One thing I *wouldn't* do is anything of the sort recommended in advice like, "If you're going to kill yourself, why don't you go outside and ask random succubi if they'd like to go on a date or have sex one last time?" If they're not approaching you, they don't actively desire you, and it's just more humiliation.
What are normal interests? That could help me think of items for a bucket list for you.
No.303864
>>303313I have not given up on financial independence or prosperity yet, hence why I am currently enrolled in a trucking school. I'll finish by December and find a decent entry-level job working over-the-road or regional. That lifestyle will suit me perfectly considering how antisocial and reserved I am. I also don't mind sleeping in the cab of a truck, I've never been one who needs sumptuous things to survive.

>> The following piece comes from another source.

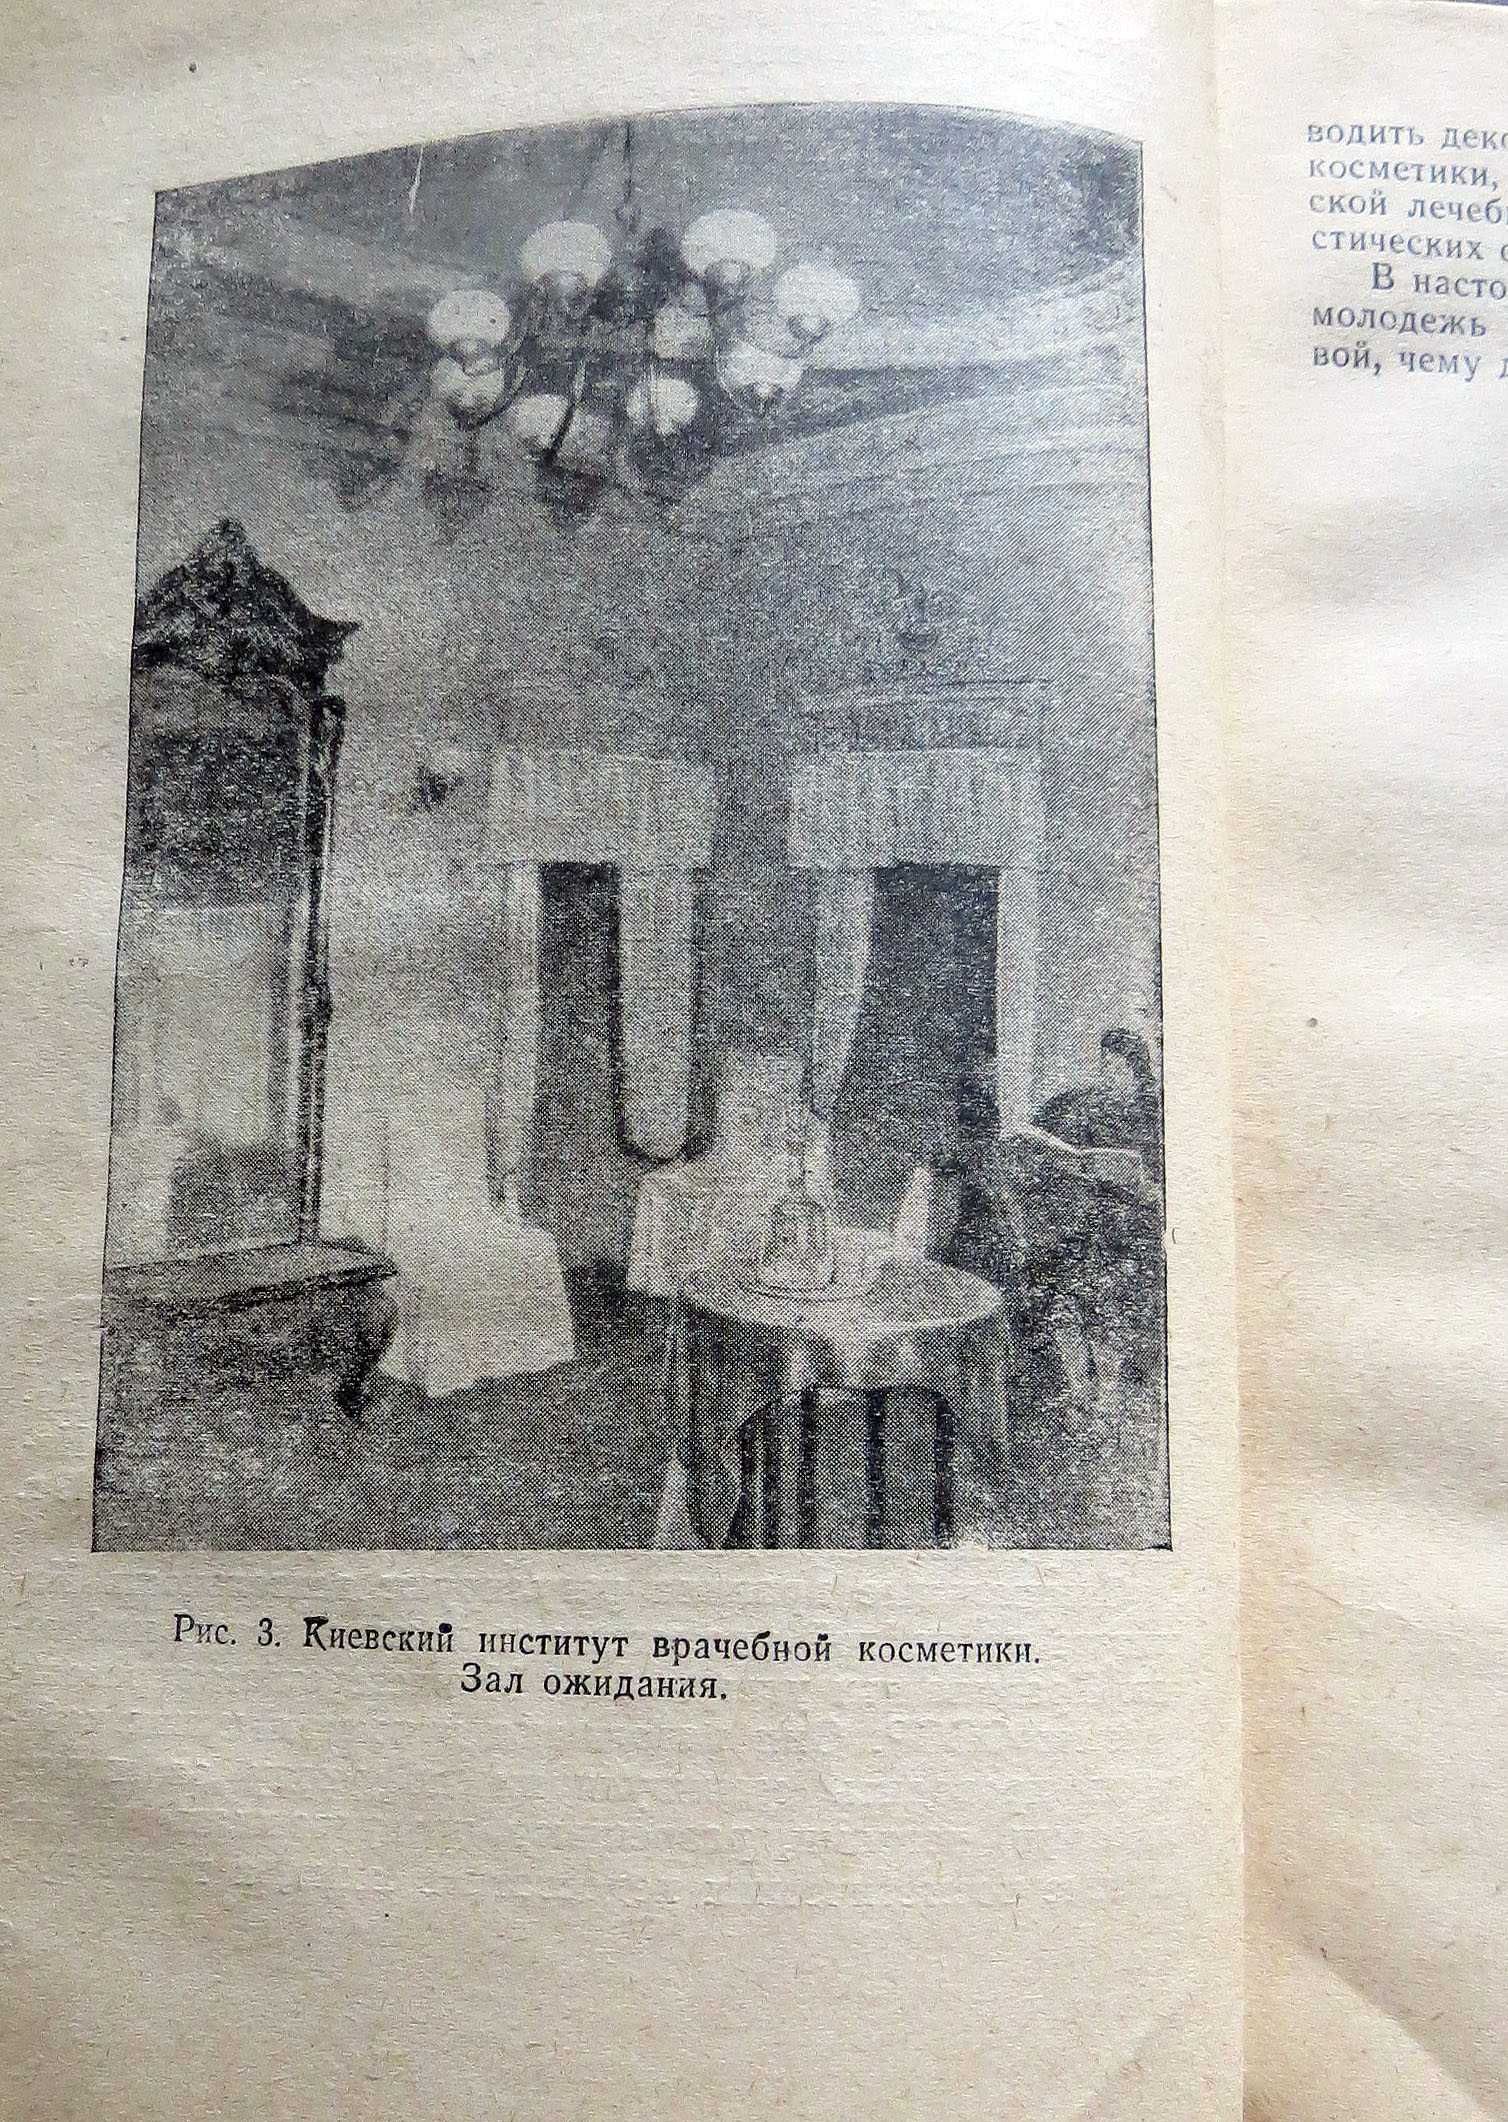 Косметический уход за кожей. Картамышев, Арнольд. 1964

Like you, my family never prepared me for the mediocrity and nihilism of modernity. They're not useless though, and I use them however I can. I've always been silent too. People instilled the most odious hatred in me.
>>303412If you're celibate then simply continue working as you normally would. I doubt the legality of this predicament really matters considering you live in the third-world. I want to say something vicious, although I'm certain it would result in my banning.
>>303424 So true. Caucasians are the most industrious, ambitious, honorable and fortuitous race. Most races are incapable of engendering a stable and prosperous society which is why they leech off of Western countries.
>>303494You're right. Everyone is capable of vitriol and senseless disdain. I personally dislike people for what I believe are justifiable reasons.
No.303865
>>303859I have severe physical pain throughout my body that causes me to think of suicide every day.
No.303866
>>303859>it seems like their standards are getting higher every day, and so simply because of my face, height, etc. none will ever really desire me.After his hambeast "GF" trashed his apartment, Hotwheels came to conclude that while there are succubi who will want to hook up with, care for, and have sex with an ugly distorted male, for them to wish to do so is a sign that they are severely mentally unwell. If you truly are ferociously undesirable, then it's all the more reason to not fall for it if some succubus does eventually show interest.